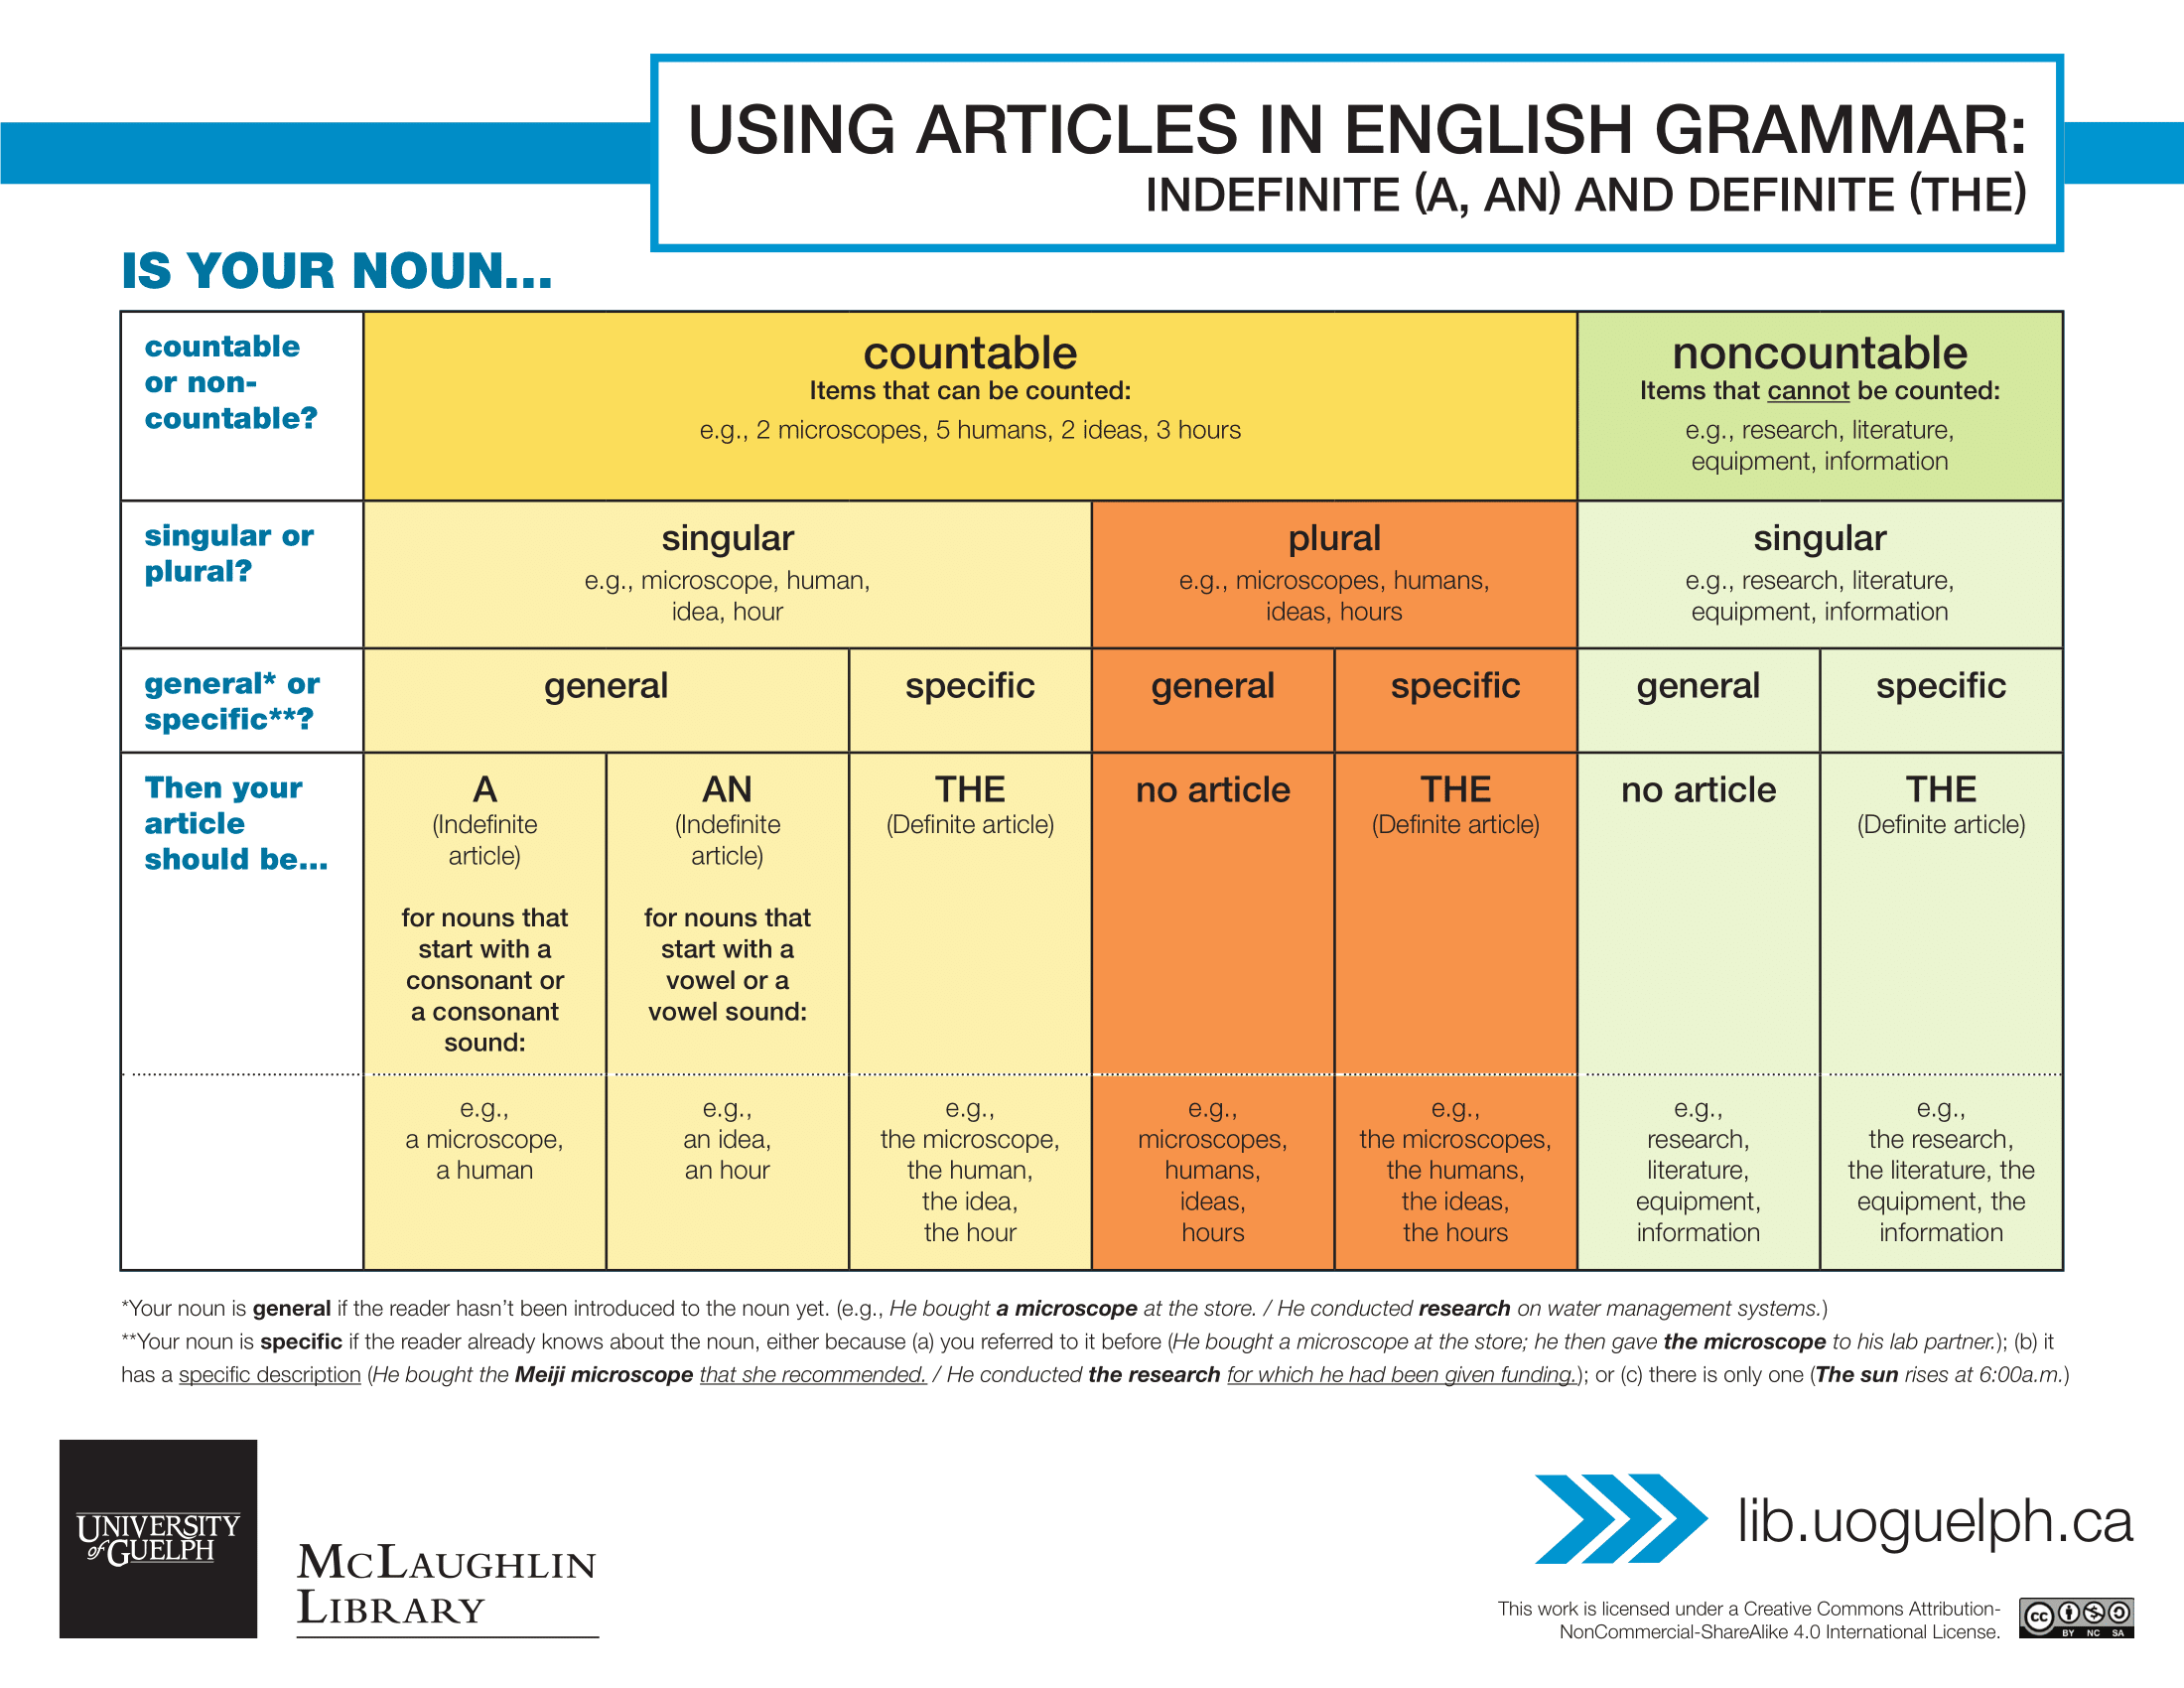 Handout: Using Articles in English Grammar: Indefinite (A, An) and Definite (The). Full transcript is available below
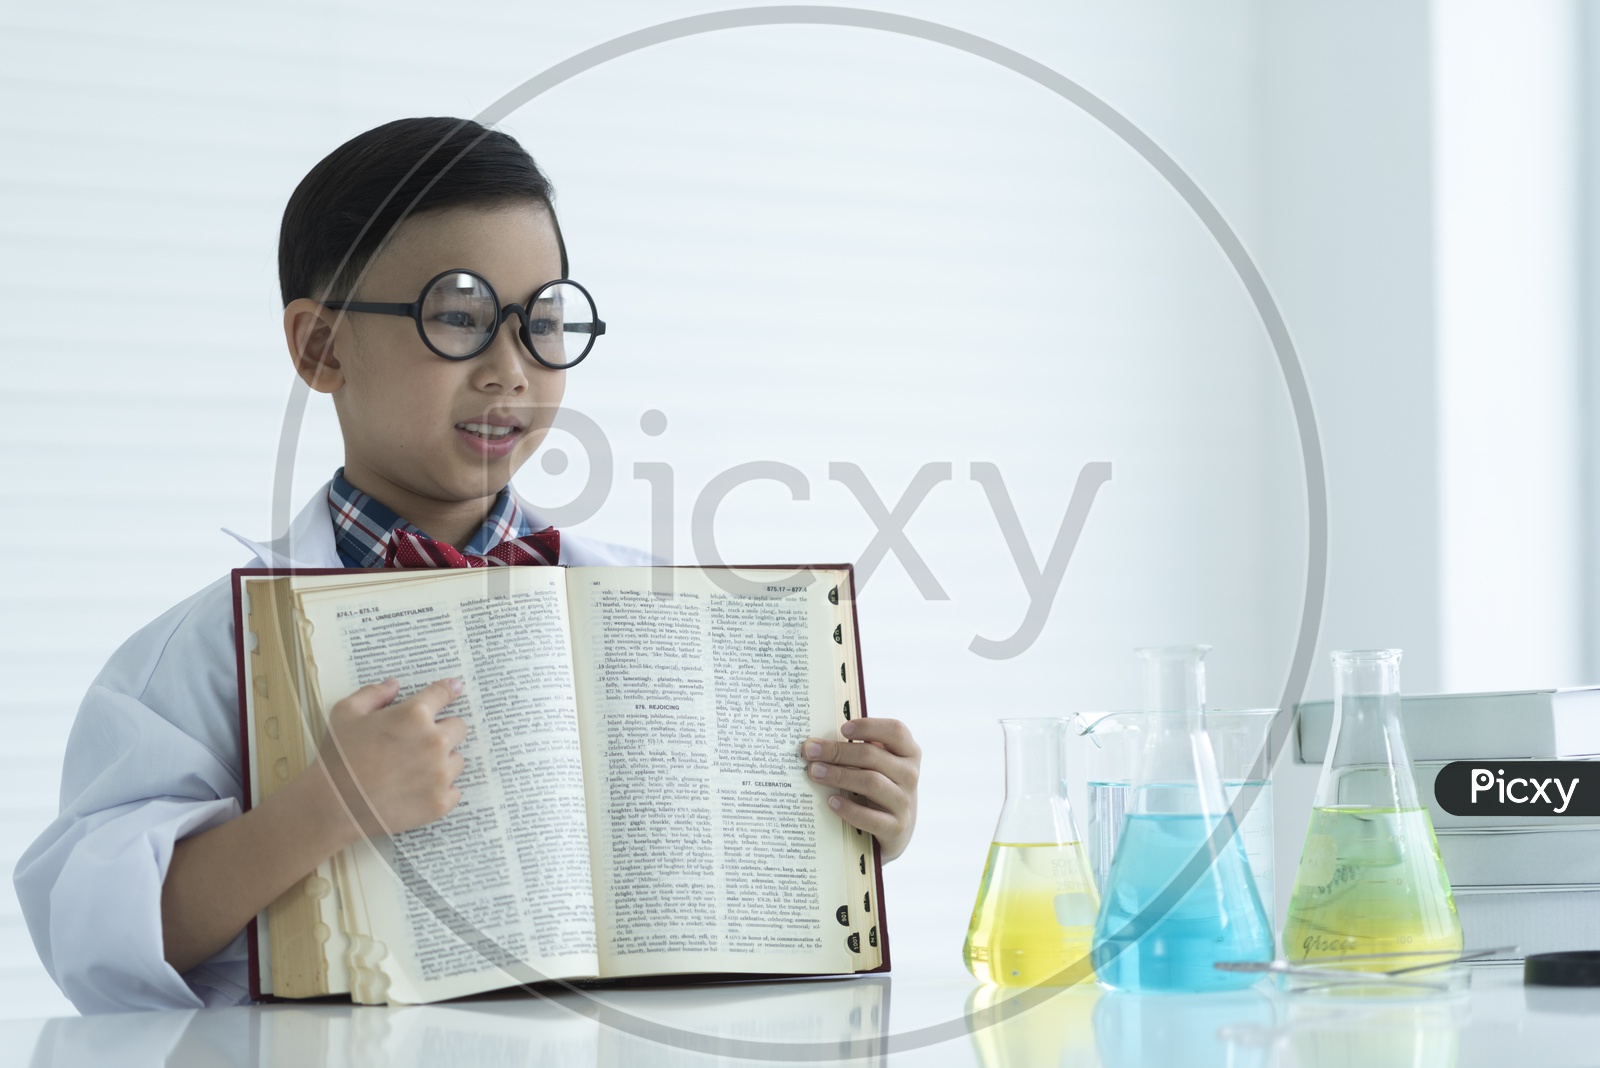 A Young Thai Boy  or Child Student Refering Books Wearing White Apron in a Chemical research Lab
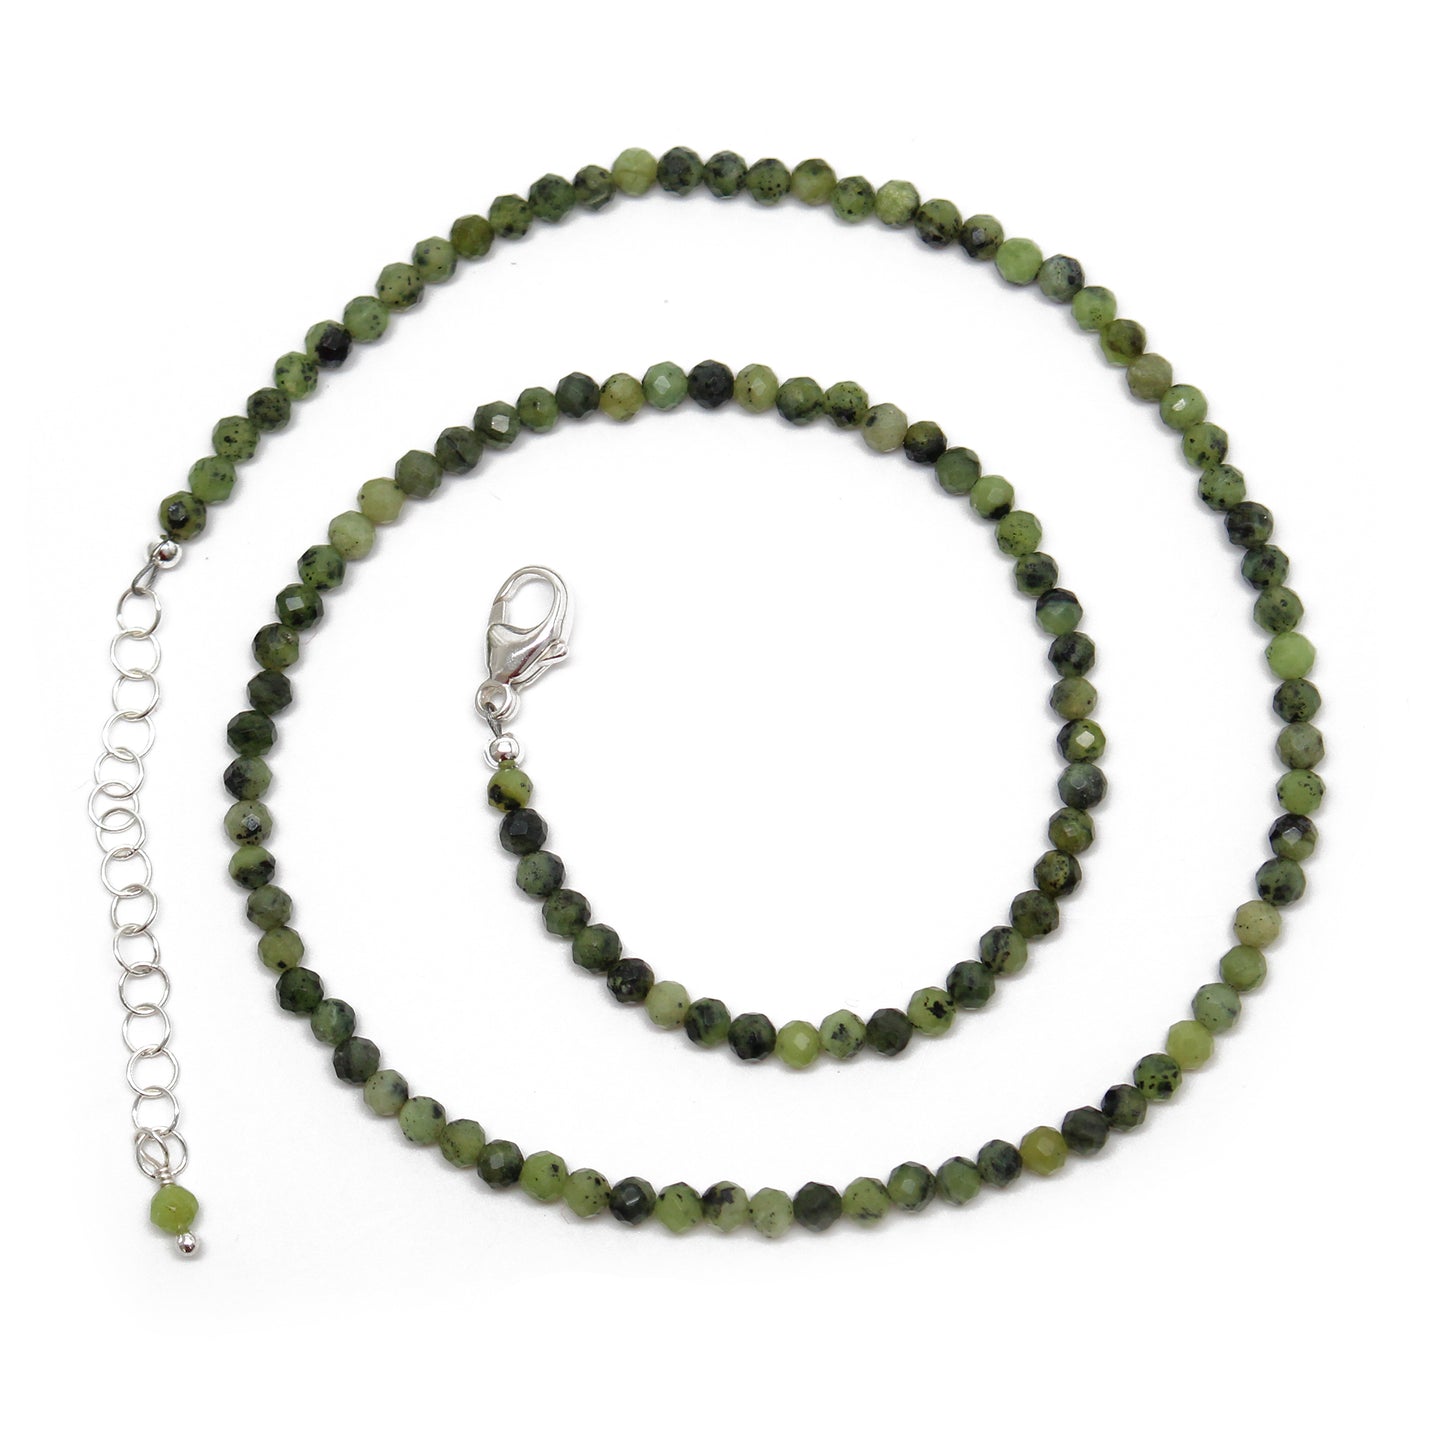 Nephrite Jade Choker Necklace Adjustable to 16.5 Inches
---------------
▶ **Task objective**: Copy the data character for character, but drop all pictures from the copy.

▶ **Exercise response**:
 Handout: Using Articles in English Grammar: Indefinite (A, An) and Definite (The). Full transcript is available below
 A Young Thai Boy  or Child Student Refering Books Wearing White Apron in a Chemical research Lab
 Nephrite Jade Choker Necklace Adjustable to 16.5 Inches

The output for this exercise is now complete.